Derived stellar masses and temperatures closely match spectroscopic data.

Identified differences in hydrogen envelope thickness related to binary evolution.

Provided detailed internal structure models for the four studied stars.

Abstract

We present an asteroseismological analysis of four ZZ Ceti stars observed with \emph{Kepler}: GD 1212, SDSS J113655.17+040952.6, KIC 11911480 and KIC 4552982, based on a grid of full evolutionary models of DA white dwarf stars. We employ a grid of carbon-oxygen core white dwarfs models, characterized by a detailed and consistent chemical inner profile for the core and the envelope. In addition to the observed periods, we take into account other information from the observational data, as amplitudes, rotational splittings and period spacing, as well as photometry and spectroscopy. For each star, we present an asteroseismological model that closely reproduce their observed properties.
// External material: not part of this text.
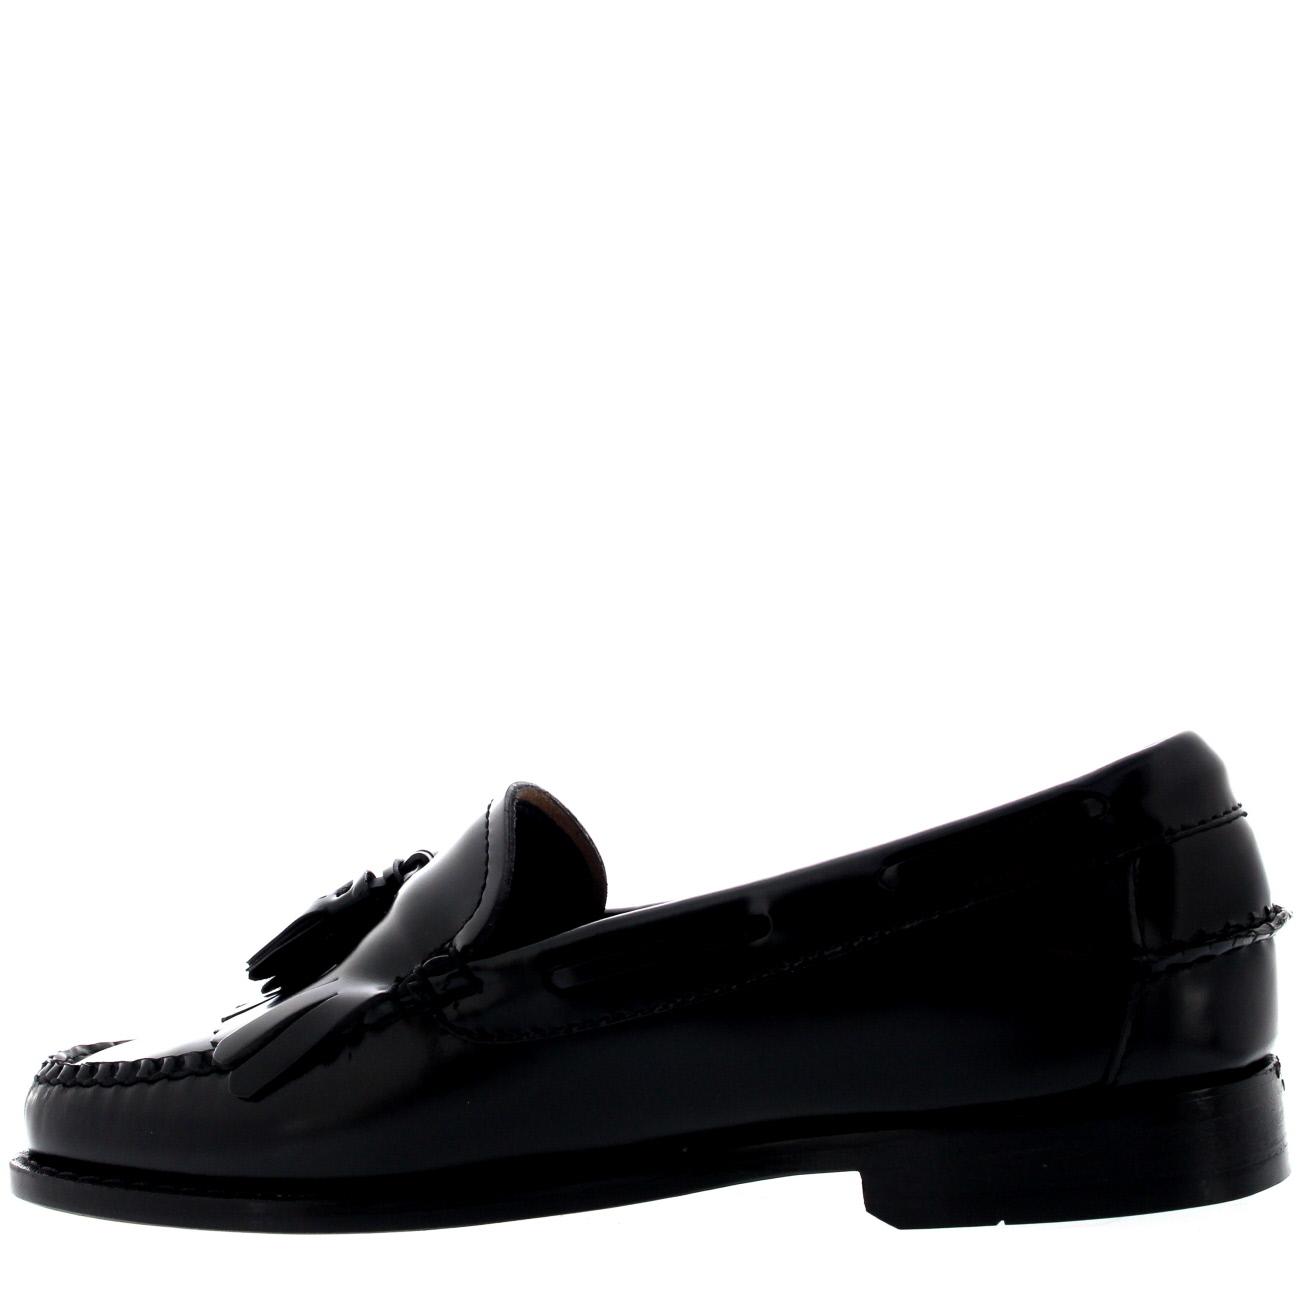 Damenschuhe G.H Slip Bass Weejuns Esther Kiltie Slip G.H On Smart Work Loafers Schuhes UK 3-9 e0a472

The asteroseismological stellar mass and effective temperature of the target stars are (0.632 +/- 0.027 Msun, 10737 +/- 73 K) for GD 1212, (0.745 +/- 0.007 Msun, 11110 +/- 69 K) for KIC 4552982, (0.5480 +/- 0.01 Msun, 12721 +/- 228 K) for KIC1191480 and (0.570 +/- 0.01 Msun, 12060 +/- 300 K) for SDSS J113655.17+040952.6. In general, the asteroseismological values are in good agreement with the spectroscopy. For KIC 11911480 and SDSS J113655.17+040952.6 we derive a similar seismological mass, but the hydrogen envelope is an order of magnitude thinner for SDSS J113655.17+040952.6, that is part of a binary system and went through a common envelope phase.